Hogan’s tournament plans in June were indefinite. His knee is no worse. His legs, sore through and through for a week after the Colonial, feel better.

Do the doctors give him clearance to play?

“No. I tell myself when I’m ready.”

He wants to play more tournament golf, but not in successive weeks. “That’s just too much for me,” he says. “I was much more tired in the Colonial. … I’ll have to practice shots around the green. I didn’t have time for that before. It’s just ridiculous to enter a tournament if you can’t hit every shot you have to hit. If I can find a tough, flat course where there’s a tournament, I’ll go play. Unfortunately there aren’t many like that. I’d love to play the Masters, but I can’t. If the course isn’t flat, there’s too much pressure on my legs. When I get an uphill, downhill or sidehill lie, I can’t hit the ball right.
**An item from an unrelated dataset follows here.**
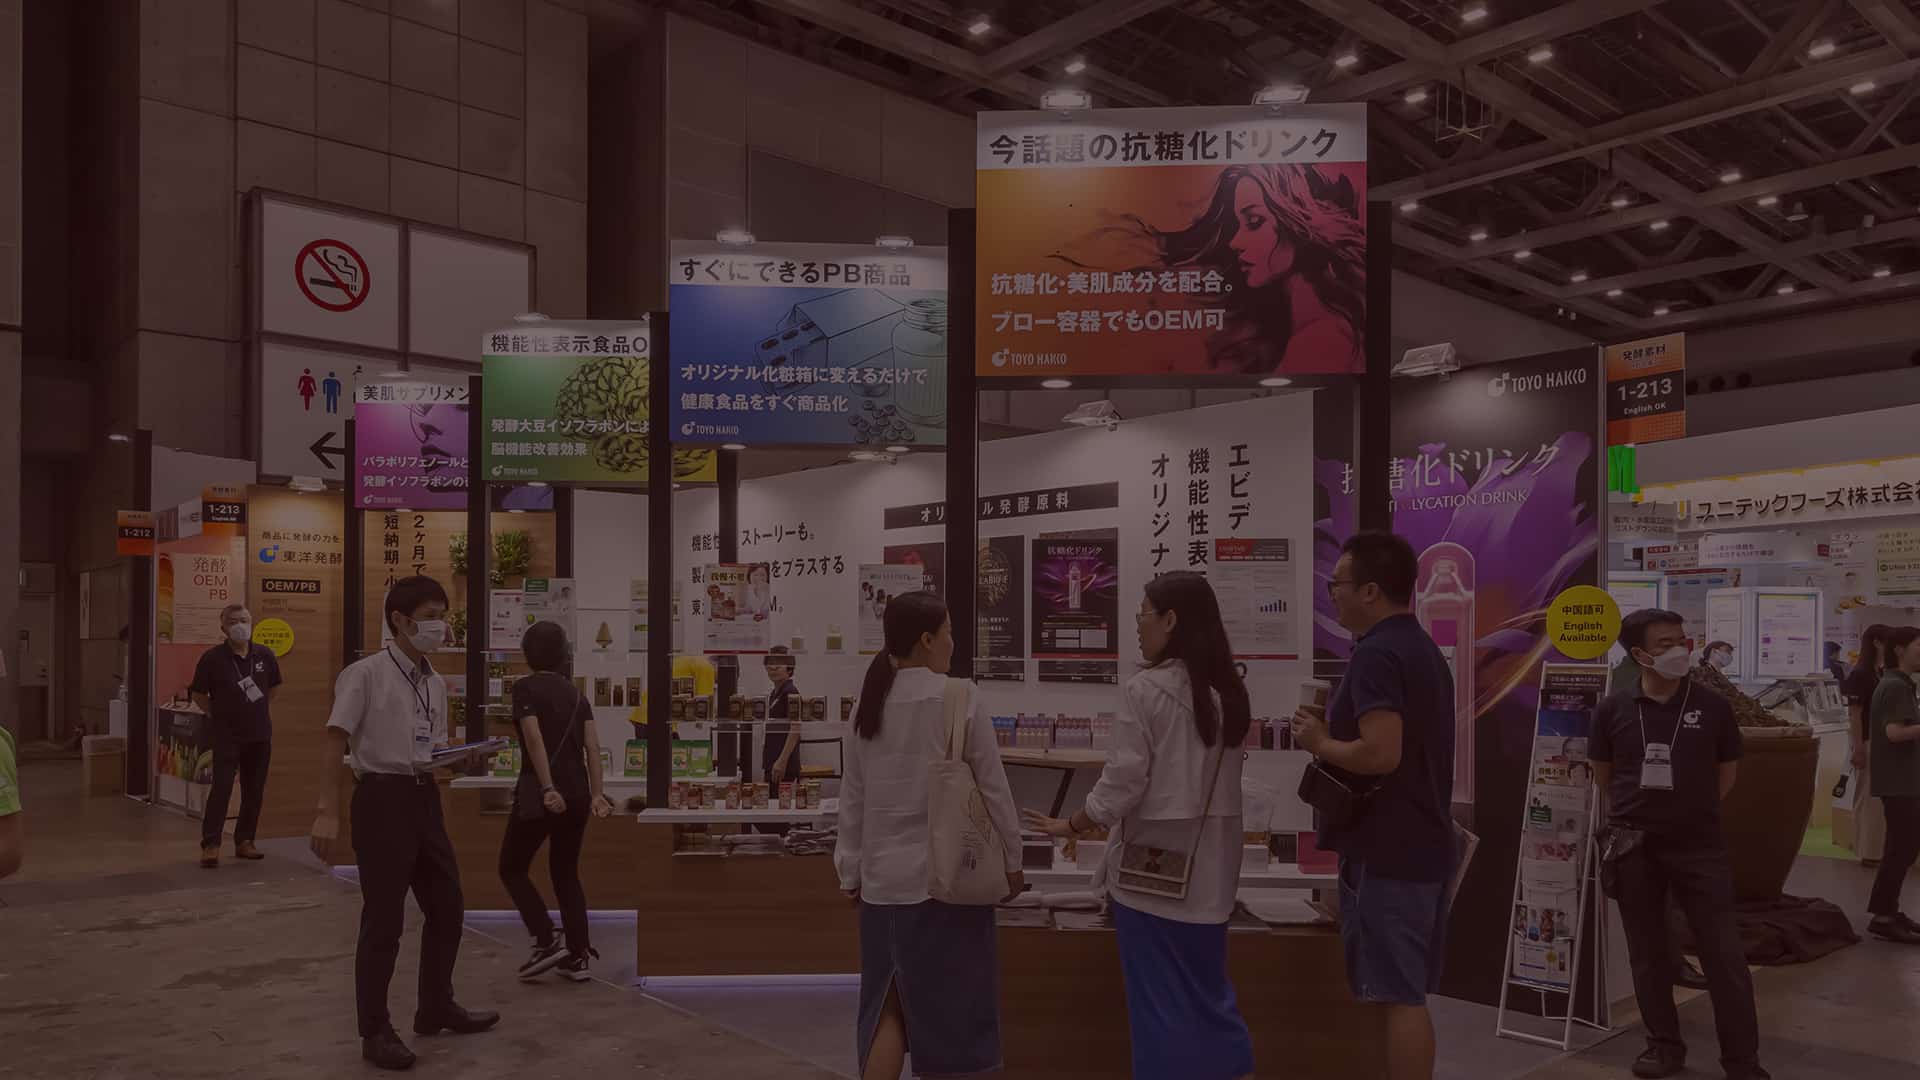 Visitors networking at exhibitor stands at Hi Japan
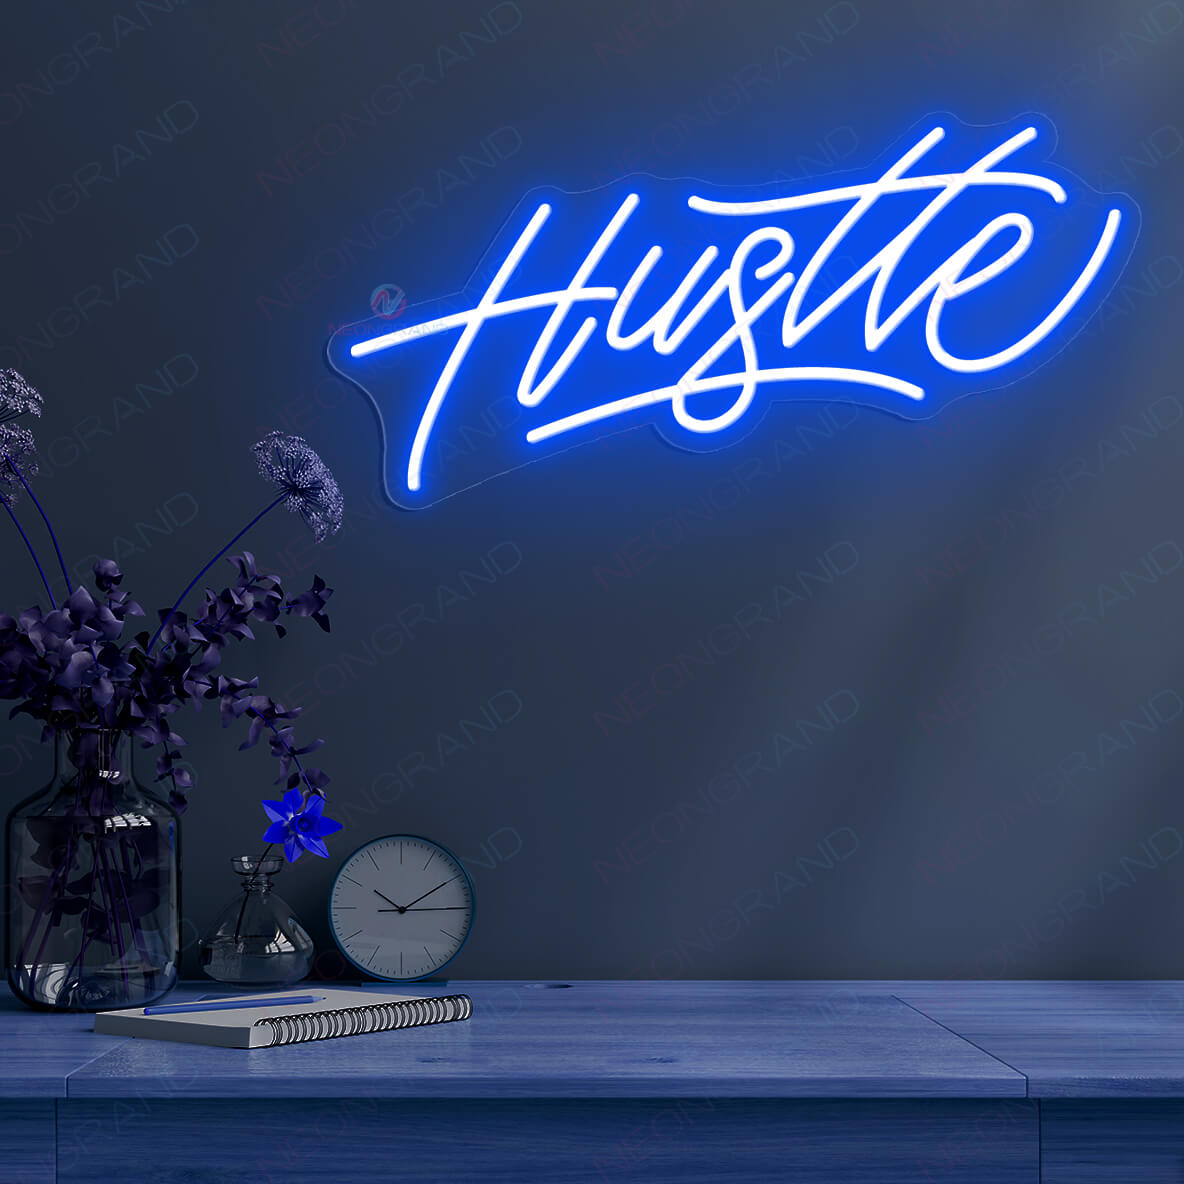 Hustle Neon Sign Wall Led Light blue

I have no plans to play any place at the moment, but I’m not ruling it out.”

During the Colonial, a newspaper reporter asked Hogan if he intends to enter any senior tournaments, being over 55 and eligible. [Editor’s note: Senior age for pros didn’t change to 50 until 1980.]

Hogan—the mellowed Hogan—skewered the man with a disbelieving glare. For a long time he said nothing, debating, probably, whether to dignify the question with an answer.

Then he said, not coldly, but making himself very clear: “Not until I’m a senior.”